The U.S.S. Jeannette

Two different versions of the same map, separated between editions not only by 14 years, but also by differences in quality. The later map also includes fascinating additional manuscript text showing the ‘Probable drift of articles from the “Jeannette”‘.

Nord-Polar-karte, 1905. M1 (173)

The pages come from Adolf Stieler’s Handatlas, first published in 1817 and going through numerous editions with contributions from some of Germany’s leading cartographers, including Hermann Berghaus, who designed the 1905 Arctic map, and Augustus Petermann, who will play a further part in this story. An interesting and complex character as well as an outstanding cartographer, here’s a link to an earlier blog about the man.

Nord-Polar-karte (with manuscript additions), 1891. M1 (172)

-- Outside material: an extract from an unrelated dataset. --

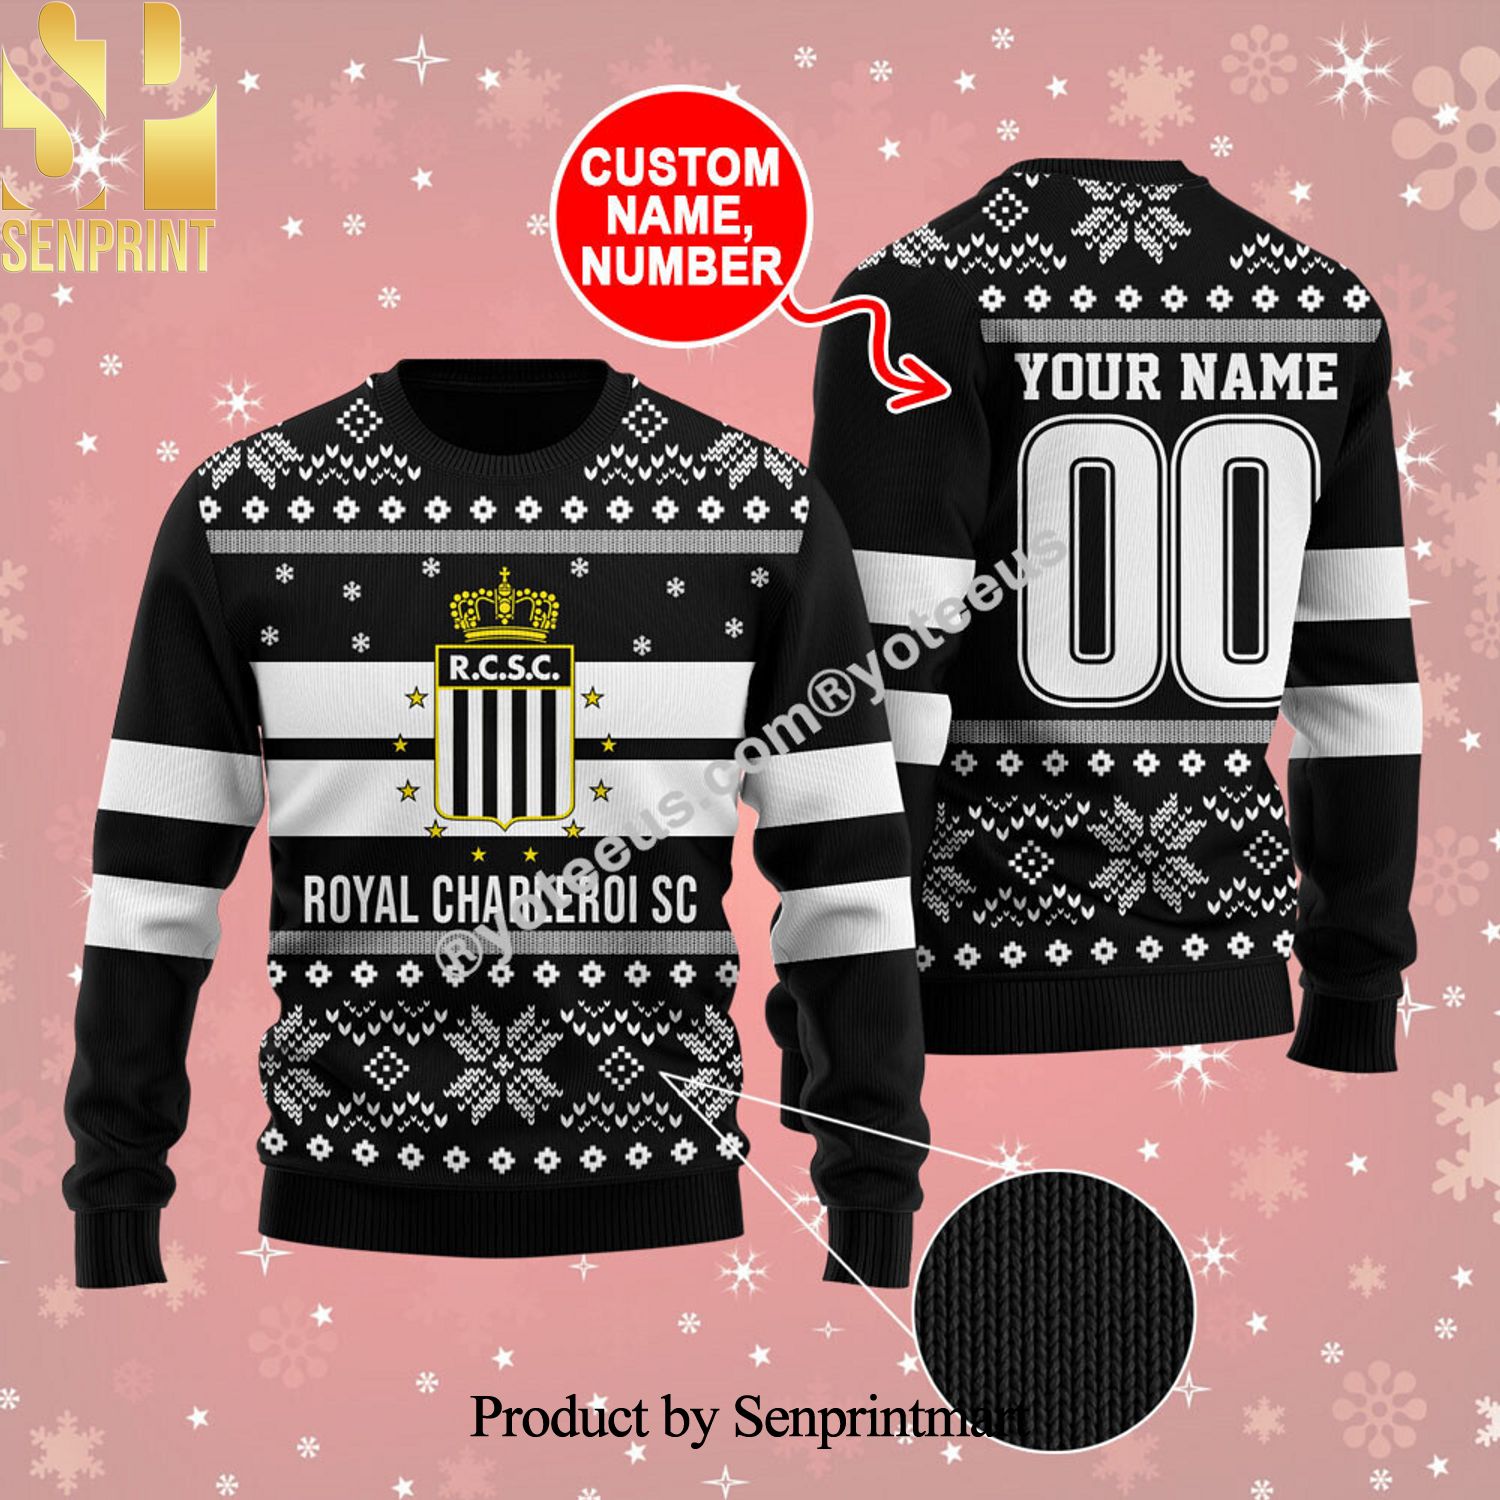 Royal Charleroi SC Ugly Christmas Holiday Sweater

The map, especially the later coloured version is good in itself, giving a high birds-eye view of the top of the World with insets showing a more traditional approach to topographical representation at the edges and two gridded circular maps at the bottom corners showing ocean currents  and coverage of the Northern Lights (see inset). But it’s the manuscript additions that make the earlier map more interesting, despite its condition. The Jeannette was originally a Royal Navy ship called the Pandora, one in a long line with that name, the first being the ship sent to capture the Bounty mutineers in 1790. In 1879 she was  sent on an expedition to the North Pole. The main aim of the expedition was to follow the Kuroshio Current, a warm current system in the Pacific similar to the Gulf Stream which it was believed, incorrectly, to flow through the Bering Strait and then into the ‘Open-Polar Sea’, an imagined sea set in the Arctic Sea free of ice. This sea was mapped by Mercator in 1569 but believed to exist even before Mercator’s famous map of the World. It was Petermann, a firm believer in the existence of the warm sea current theory, that proposed the expedition that would lead to the Jeannette setting sail in 1879.

Polus Articus, from Atlas Minor, by Gerardi Mercatoris, 1621. Map Res 100.

This map of the Polar region comes from a 1621 edition of Mercator’s Atlas Minor. Mercator went further than most in his views on the Pole, believing that not only that there was an ice-free sea but that the Earth was hollow and the ocean flowed through holes at the Pole into the Earth.

Leaving San Francisco in July the Jeannette passed through the Bering Strait in late August and continued her journey towards the Pole, but by the 7th of September she became trapped in ice, and spent the next 21 months drifting according to the currents and movement of the ice until finally the pressure put on the ship caused it to break apart and sink in June, 1881.

This extract from the earlier map shows two islands discovered as the ship was trapped, Jeannette and Henrietta, with a further island, Bennett, discovered as the crew tried to reach land after the ship sank. The map dramatically shows the location of the ship’s final moments, ‘Untergang [doom] d. Jeannette, 13 Juni 1881’ and the manuscript additions show the path taken by the ‘articles’ of the ship, the remains left on the ice after the ship went down, which slowly floated on currents down the east coast of Greenland before beaching on the southwest of the island.

Stanford’s map of the countries around the North Pole, 1875. M1 (107)

This beautiful map of the North Polar region was published 4 years before the voyage of the Jeanette by Stanford’s, the famous map publishers and sellers out of 55 Charing Cross. This map highlights the hardship faced by Polar explorers, with vast areas of the Arctic labelled ‘Unexplored Polar Region’. It’s to the credit of these intrepid explorers that there is so much red text and lines on the map, indicating what the map calls ‘chief Arctic worthies and the dates of discovery’.  The inset from the map shows the same area as shown earlier in this blog, with the group of islands round New Siberia before the discoveries made by the Jeanette.

It’s a story reminiscent of Shackleton and the Endurance in the South Pole, with one crucial difference. Like the Endurance the Jeannette’s crew survived the hardships of the ship’s entrapment. But 20 of the crew of the Jeannette perished in the attempt to reach safety, including the captain, George Washington de Long, although 13 of them did survive.